Honestly, the question doesn't make it very clear that I want to see it in the end, I hope I'm going to hit the target.interface ListConsumer<T extends List> { void consume(T list); } ListConsumer<ArrayList<Integer>> consumer = list -> System.out.println( "List size: " + list.size()) ... applyConsumer((ListConsumer<ArrayList<Integer>>) list -> System.out.println( "List size: " + list.size()));

This is an example of the transfer of the lambda as an argument of the function. That's probably what you need. Works at C++11 and at C++14.#include <stdio.h> #include <functional> void invoke(std::function<int (int)> fun){ int res = fun(123); printf("result: %d \n", res); } int main(int argc, char *argv[]) { int a = 10; auto fun1 = [=](int x) { return x * a; }; auto fun2 = [&](int x) { return x * a; }; invoke(fun1); invoke(fun2); }

That's how it's handled:class Stranica { private final int[][] kolichestvo = new int[24][4]; private TextField[][] tfPolVvod = new TextField[24][4]; { for (int i = 0; i &lt; 24; i++) { for (int j = 0; j &lt; 4; j++) { final int ii =i; final int jj =j; TextField tf = new TextField(); tf.setPrefWidth(50); tf.setOnKeyReleased(pdj -&gt;{ if(!tf.getText().matches("\\d+")){ tf.setText("0"); tf.selectAll(); }else kolichestvo[ii][jj]=Integer.parseInt(tf.getText()); }); tfPolVvod[i][j]=tf; } } } } But there's something wrong with this part of the code. ♪ ♪

I'll give you an example for simplified transformation (Map<Integer, Map<String, Object>> на Map<String, Map<Integer, Object>>):Map<Integer, Map<String, Object>> map2 = map1.entrySet().stream() .flatMap(e1 -> e1.getValue().entrySet() .stream() .map(e2 -> Arrays.asList(e2.getKey(), e1.getKey(), e2.getValue()))) .collect(HashMap::new, (m, l) -> m.put((Integer) l.get(0), Stream.concat(Stream.of(l.subList(1, 3)), m.computeIfAbsent((Integer) l.get(0), HashMap::new) .entrySet() .stream() .map(e -> Arrays.asList(e.getKey(), e.getValue()))) .collect(Collectors.toMap(l1 -> (String) l1.get(0), l1 -> l1 .get(1)))), (m1, m2) -> m2.forEach((k, v) -> m1.put(k, Stream.concat(m1.computeIfAbsent(k, HashMap::new) .entrySet() .stream(), v.entrySet().stream()) .collect(Collectors.toMap(Map.Entry::getKey, Map.Entry::getValue))))); It's gonna look like this, not very readable, but on the lambdas and on the same line.But you can use it instead. Arrays.asList Some kind of class, as well as some operations in separate methods and use a reference method, which will increase readability, but also increase the volume of the code. If you need such a solution, it depends on you. In my view, the decision on the cycles is much clearer.

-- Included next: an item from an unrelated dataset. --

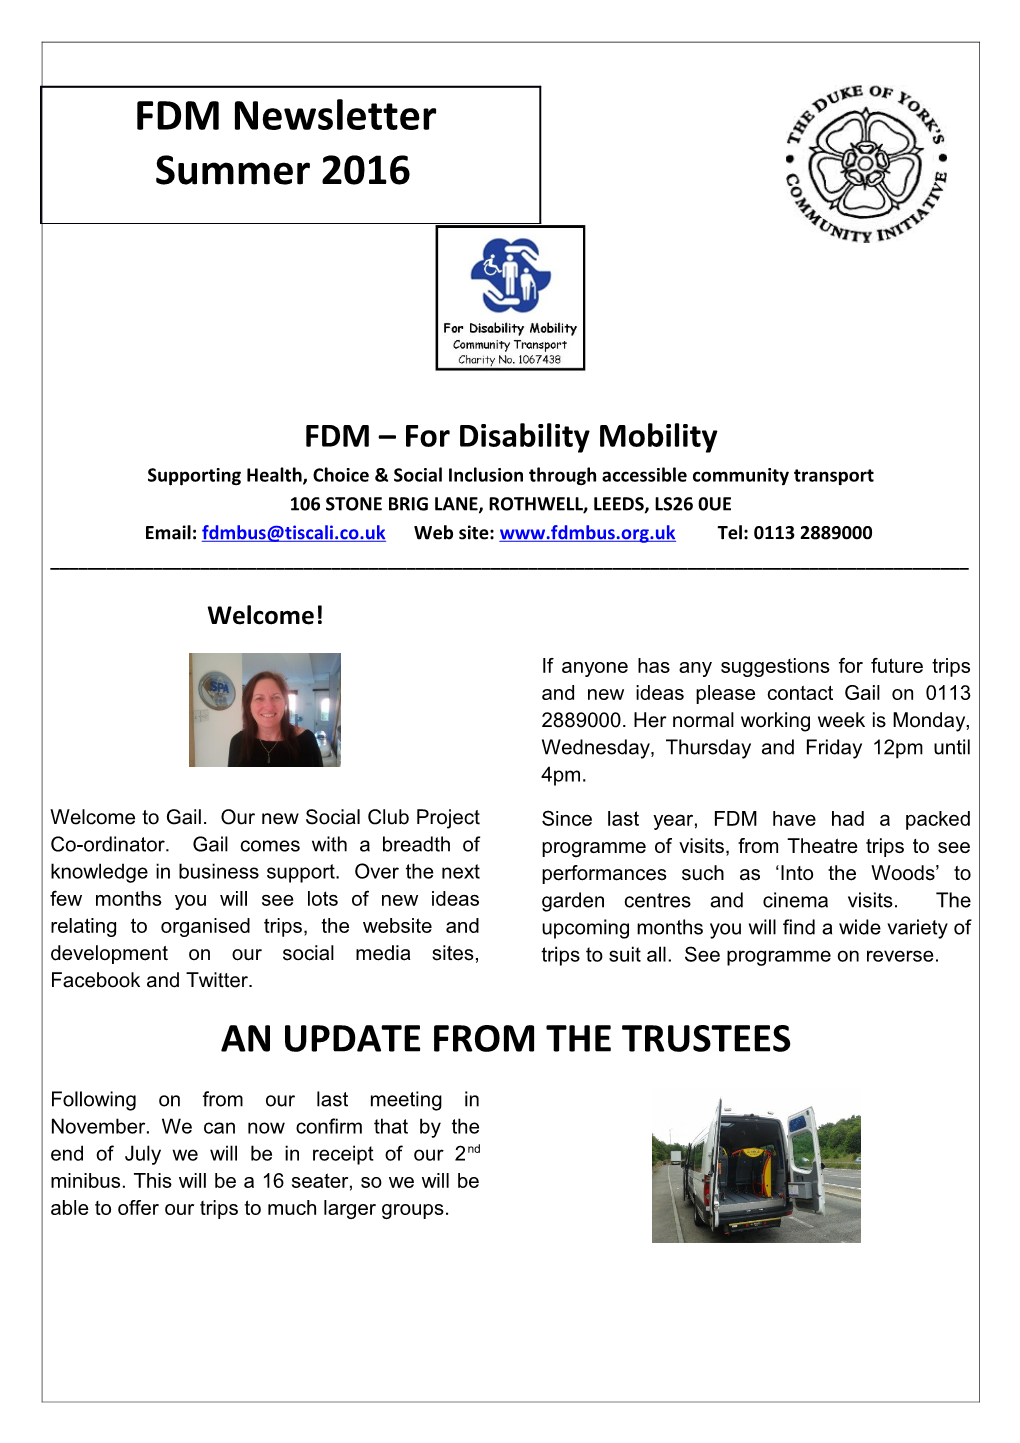 FDM for Disability Mobility

Such an expression, for example:Func<int, Func<int, Func<int, int, int>, int>, int> func3 = (i, f) => f(i, (a, b) => a + b);

The most axious way to decide is to use a mass of one element.final static String[] temporarySt = {"no changes"};and thentemporarySt[0] = "changed st";

They can't be 100%. I need you.I mean, without depositing operations, you can't write a program without a lambda fuque, but it's shorter and more comfortable. For example, a dictionary should be printed in order to reduce each value:bigrams = {"AB": [10, 11, 12], "BC": [5, -5, 8], "CD": [105, 1, 0], "DE": [6, 6], "EF": [15, 20, 15], "FG": [22, 11, 32], "GH": [20, 20, 20]} sorter = sorted(bigrams, key=lambda key: sum(bigrams[key]), reverse=True) for key in sorter: print(key, bigrams[key]) Otherwise, you have to write a function:from functools import partial def sort_func(key, dict): return sum(dict[key]) bigrams = {"AB": [10, 11, 12], "BC": [5, -5, 8], "CD": [105, 1, 0], "DE": [6, 6], "EF": [15, 20, 15], "FG": [22, 11, 32], "GH": [20, 20, 20]} partial_sort = partial(sort_func, dict=bigrams) sorter = sorted(bigrams.keys(), key=partial_sort, reverse=True) for key in sorter: print(key, bigrams[key]) The result is the same, but with the lambda shorter, you don't have to look for your eyes. sort_func - It's clear how the collection is sorted. The standard library is equipped with other functions: map♪ reduce♪ filter♪ sorted♪ any♪ allYou can write a lock:def addition(x): return lambda y: x + y add_to_ten = addition(10) print(add_to_ten(8)) print(add_to_ten(6)) In the idea, the Lambada function is exactly the same as normal functions, but without the name: def func(x): func = lambda x: x + 1 return 100 import dis print(dis.dis(func)) It shows that a new function is actually being created without deception.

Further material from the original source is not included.